Ishihara-Johnson Crank Scraper Installation

 

The IJ crankscraper is the most common E30 crankscraper solution. It's works fine and it comes in two types, steel and steel/teflon. The former is less expensive but requires a bit of trial-and-error test fitting. Both are a little tricky to install if your engine is already in your car.

What a crankscraper does. In a perfect world, the oil in the sump, the bottom roughly square, forward part of the oil pan, would be a "still volume" of oil. However, the inside of the engine block is a terribly violent place because the spinning crank creates a whirling hurricane of oil. The crankscraper helps strip the oil out of the hurricane so it can more quickly fall to the sump, and the crankscraper helps shelter the oil in the sump from the violence above. Both these measures help the oil pump pickup remain submerged.

Steel IJ scraper.

 

Steel and Teflon scraper.

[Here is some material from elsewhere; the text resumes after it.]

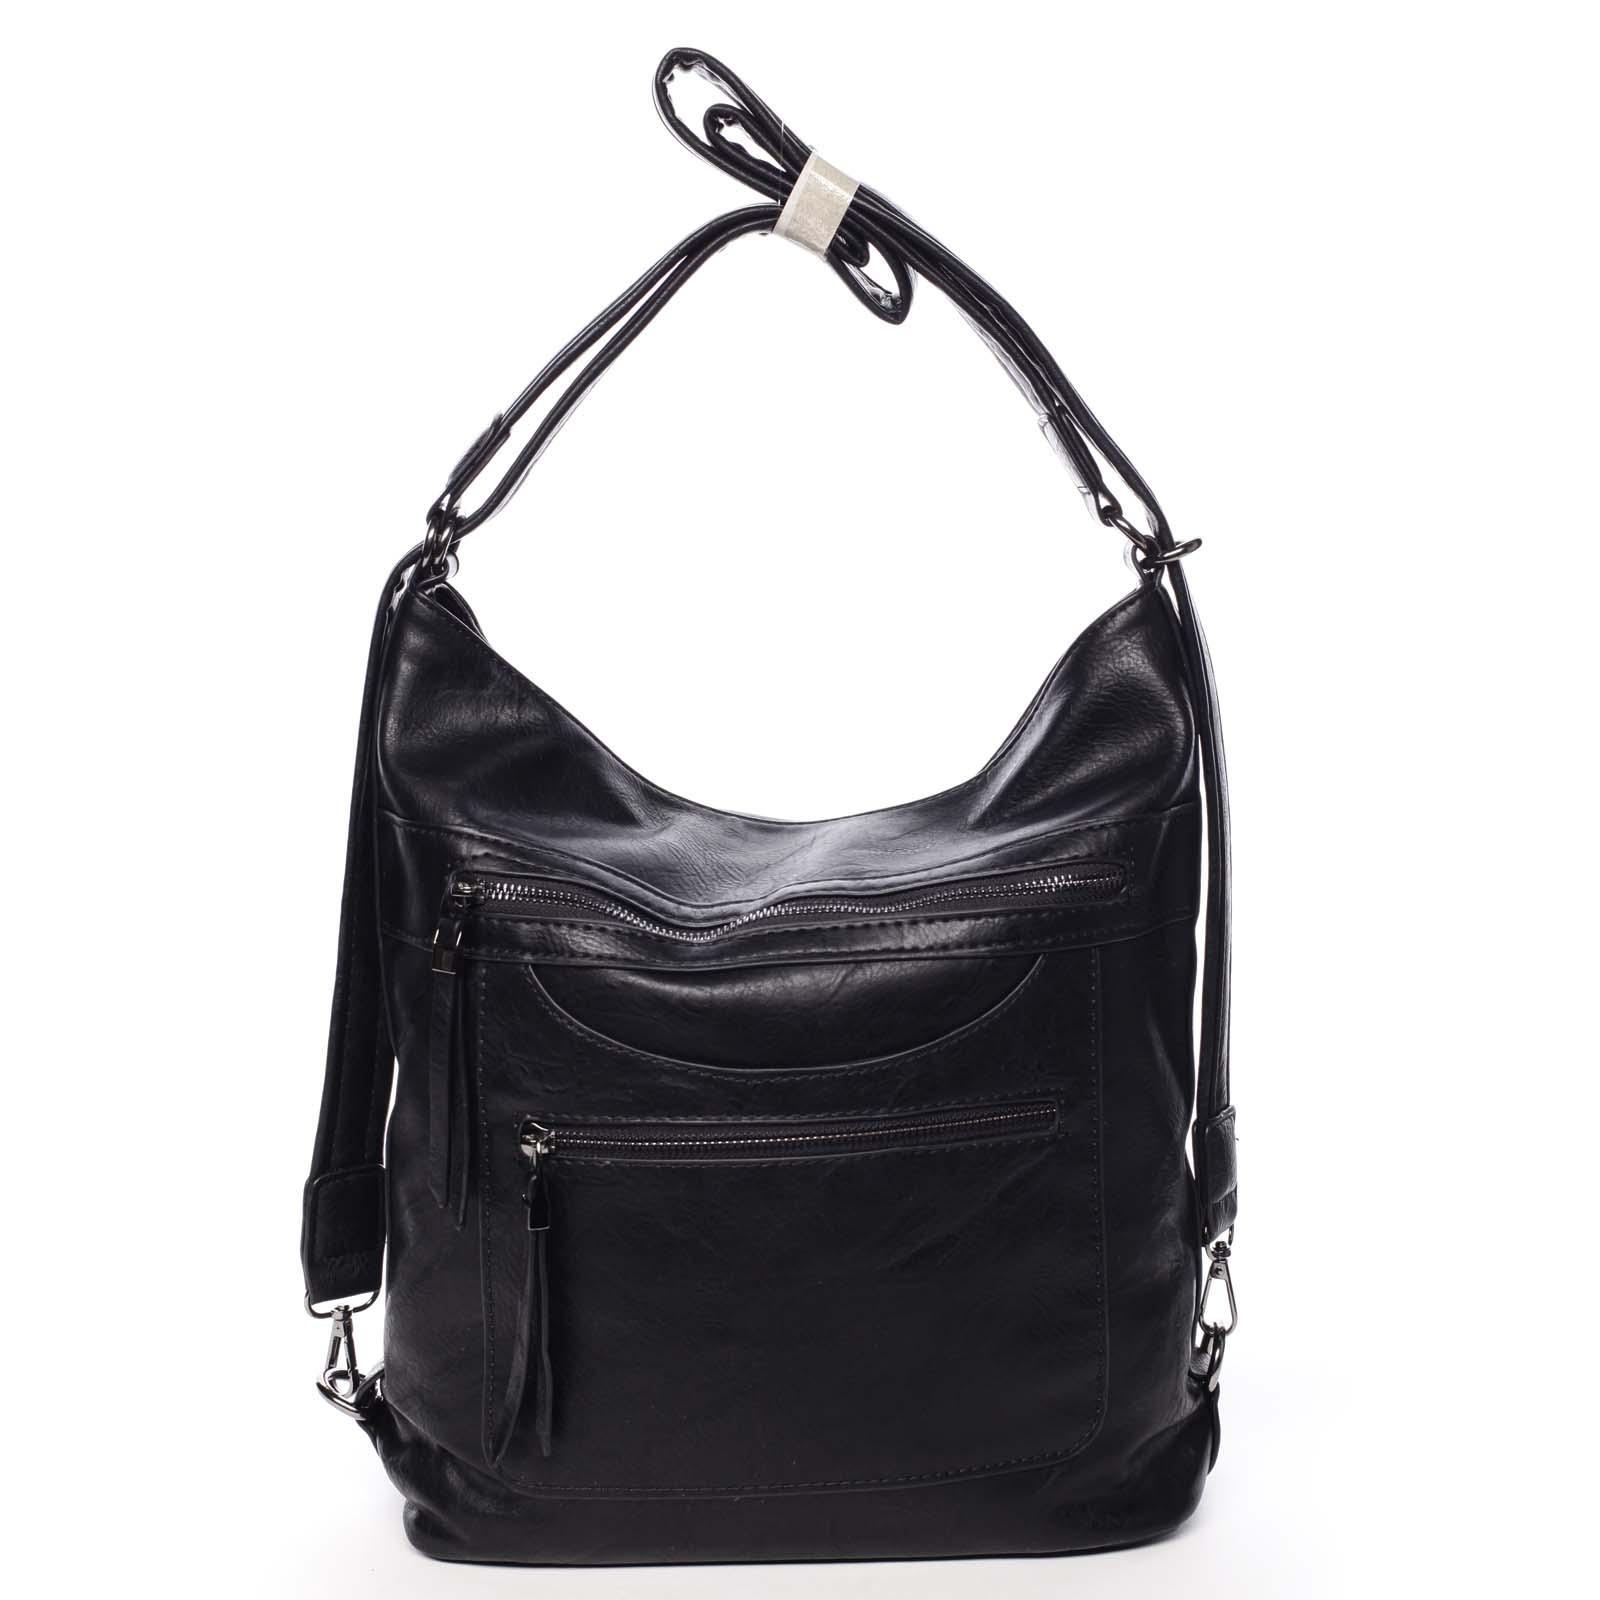 Dámska kabelka čierna - Romina Pamila čierna

Note the layer of white material along the bottom working edges of the scraper.

The charm of the steel and Teflon version is that there's no test fitting. When the engine next starts, the crank's counterweights will chew through the Teflon. Scraper and crank will then happily co-exist.

The difficulty of installing the IJ scraper from underneath your car is that it will keep falling on your face. You put an oil pan gasket on the under-side of the engine block. Then you place the scraper on the under-side of the block, just over your face. Then as you reach for another gasket to place on the I-J scraper, the scraper down on to your head. 

The solution is to install the scraper on to the under-side of the block, not with an oil pan gasket, but with some gasket goobage. Silicon RTV will work, but "high tack"  gasket goobage is better. Once this dries, it will hold the scraper in place while you put on an oil pan gasket and the pan itself.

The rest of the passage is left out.